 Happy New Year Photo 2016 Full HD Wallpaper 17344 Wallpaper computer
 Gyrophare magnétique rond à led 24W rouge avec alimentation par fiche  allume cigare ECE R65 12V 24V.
* * *
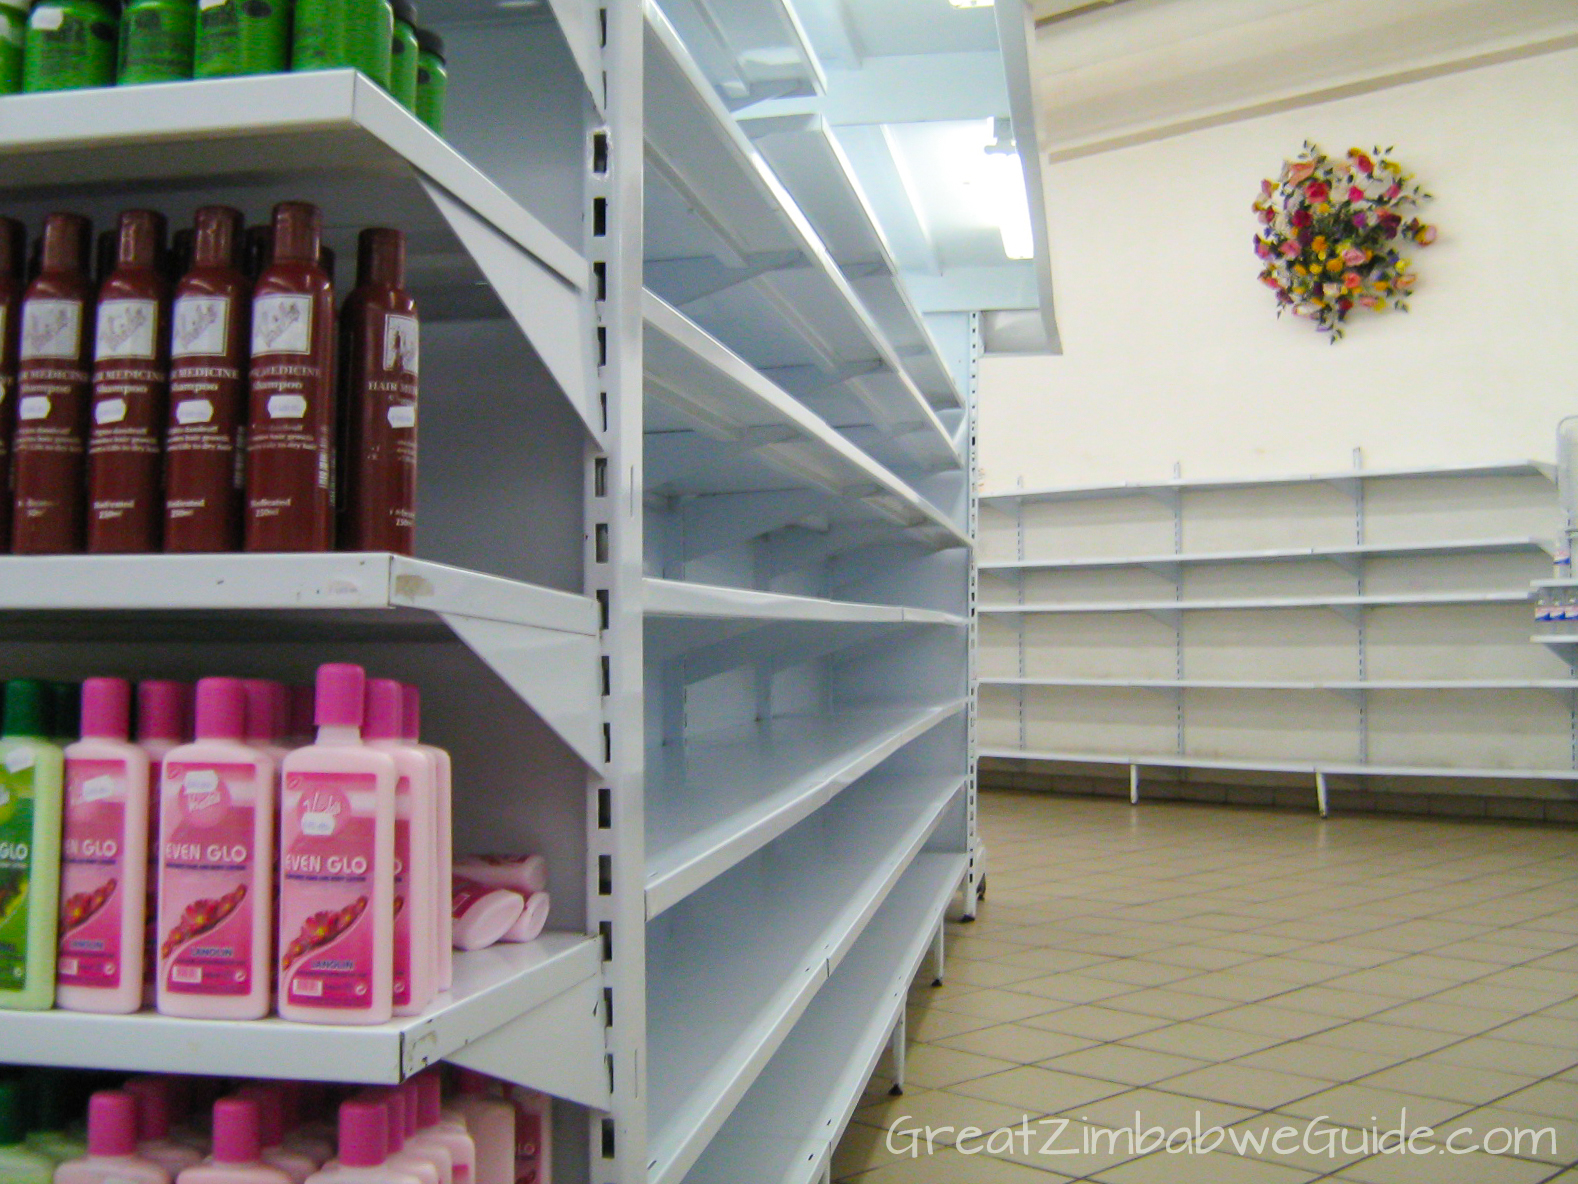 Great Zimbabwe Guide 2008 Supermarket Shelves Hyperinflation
* * *
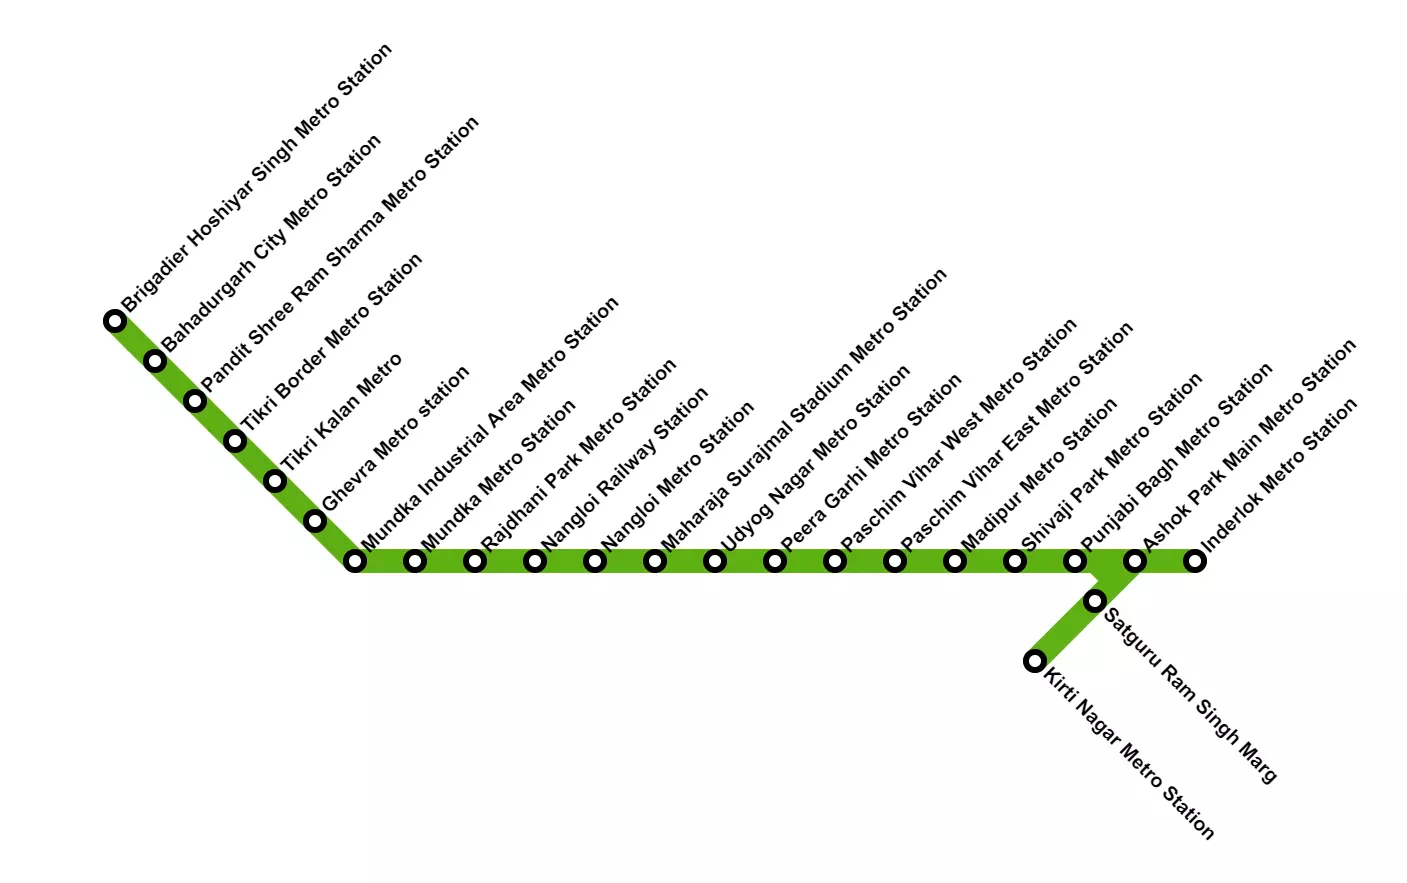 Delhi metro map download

__Required action__
Take the listing above and repeat exactly the lines from the one containing "Happy New Year" through the one containing "Gyrophare magnétique rond", both included.

__Final answer__
 Happy New Year Photo 2016 Full HD Wallpaper 17344 Wallpaper computer
 Gyrophare magnétique rond à led 24W rouge avec alimentation par fiche  allume cigare ECE R65 12V 24V.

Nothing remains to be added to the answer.